Article 11 of the constitution provides:

"Everyone has the right to profess and practice his religion and to propagate it."

Originally authorised for the country's independence in 1957, apostasy became illegal following an amendment to the country's constitution in 1988.[12] The international scandal unleashed by the Lina Joy[13] affair is one of the most famous representations.

While this was not a problem during the colonial era, Muslims wishing to change their religion face severe deterrence. Before 1988, the question of freedom of religion and therefore of questions relating to the desire of citizens to change their religion was exclusively within the jurisdiction of secular courts. But since the law has changed, an amendment stipulates that secular courts no longer have the right to deal with claims by Muslims and that only Islamic Shariah courts have jurisdiction to discuss issues related to human rights.[14] Apostasy is one of them and it follows that it is constitutionally legally impossible for a Muslim to change his belief.

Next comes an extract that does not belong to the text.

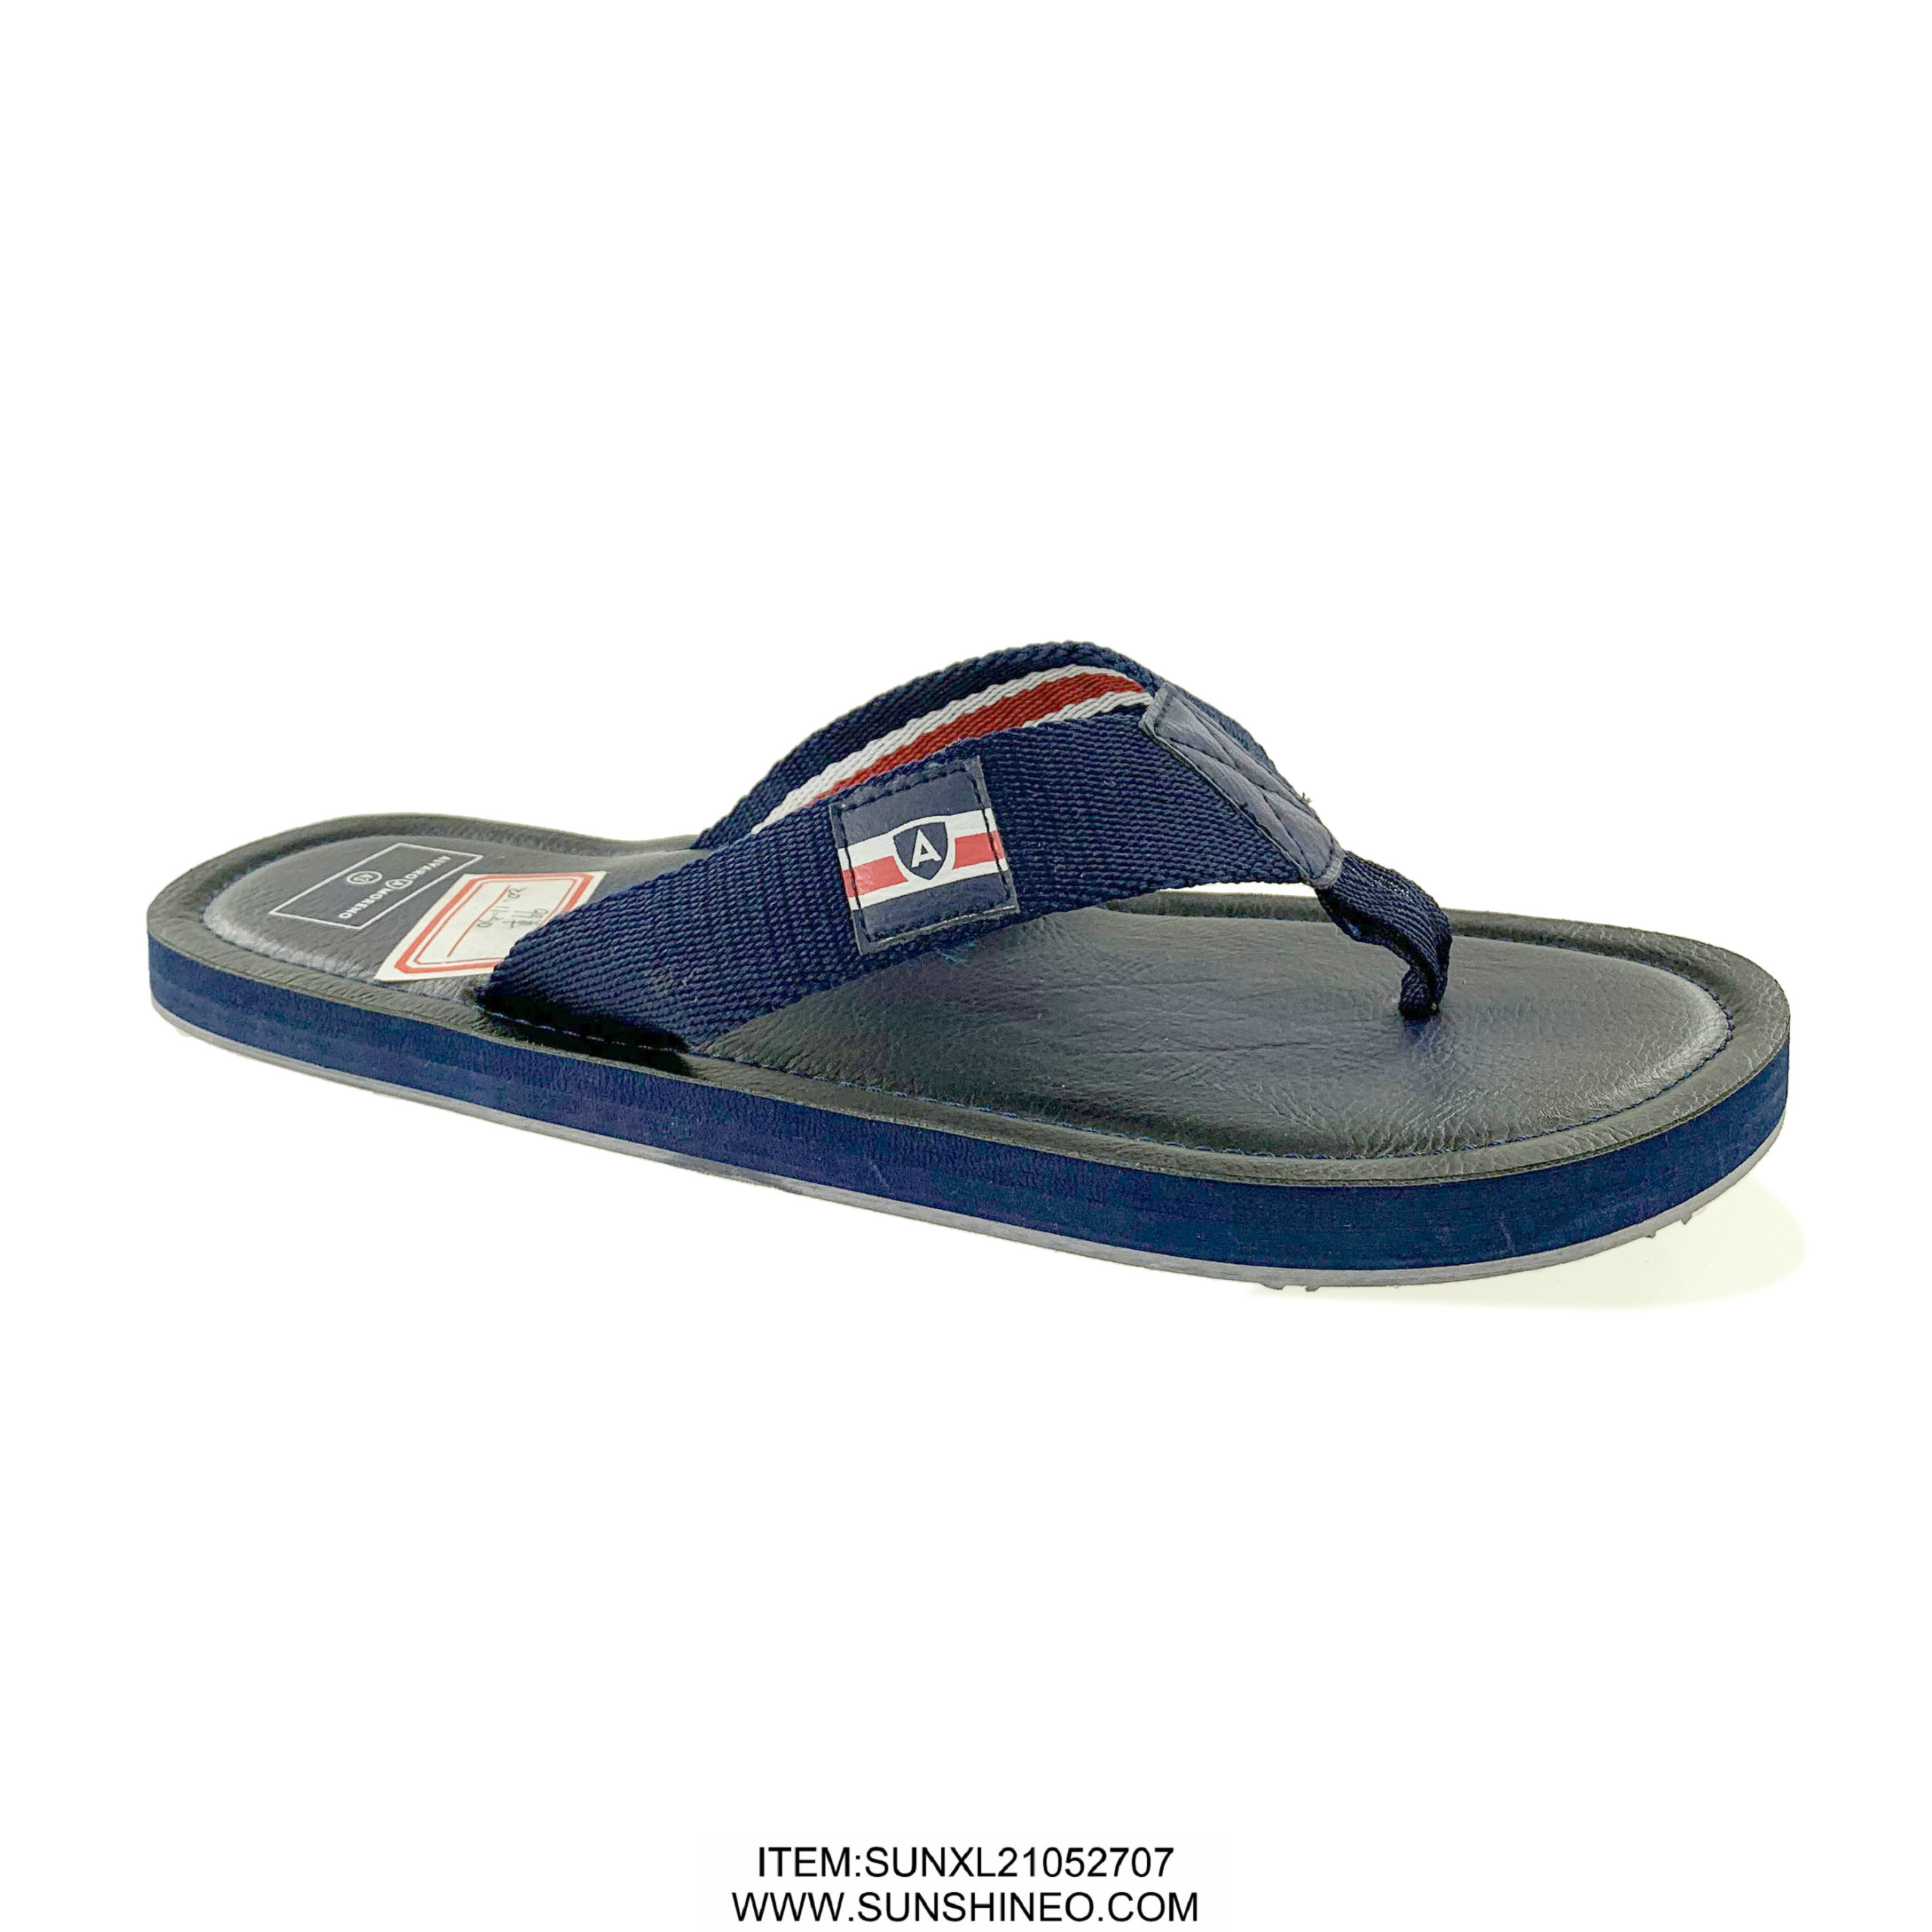 SUNXL21052707 Flip Flop - Sunshineo shoe factory
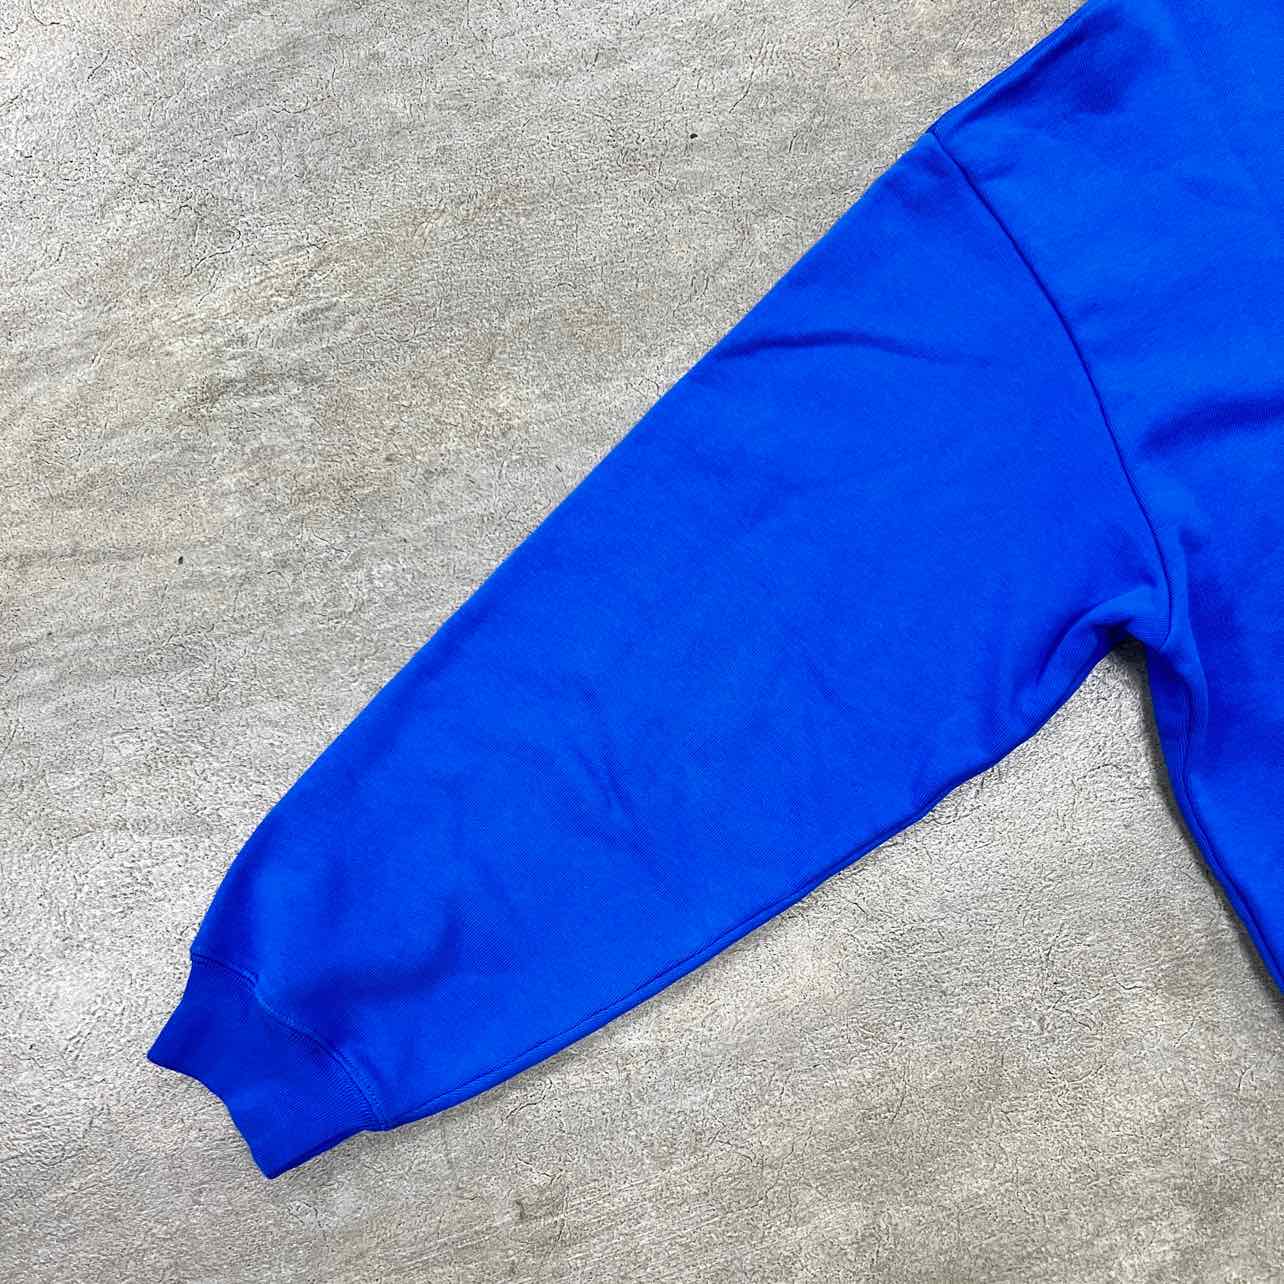 Balenciaga Crewneck Sweater &quot;COPYRIGHT LOGO&quot; Blue Used Size M

Many Muslims who have changed their religion whether it is conversion to Buddhism, Christianity, Sikhism, Taoism and other beliefs are forced for their own safety to lead a double life. In some cases denunciations of apostasy have already been reported as being reported to the authorities by family members or co-workers.[15][16]

In February 2014, Edry Faizal, a coordinator in charge of the Democratic Action Party, claimed that it was inconsistent from a Quranic point of view to forbid Muslims from freely changing beliefs, but from his point of view was the best alternative that the power had found to preserve its Malaysian electorate and consequently to remain in power continuously.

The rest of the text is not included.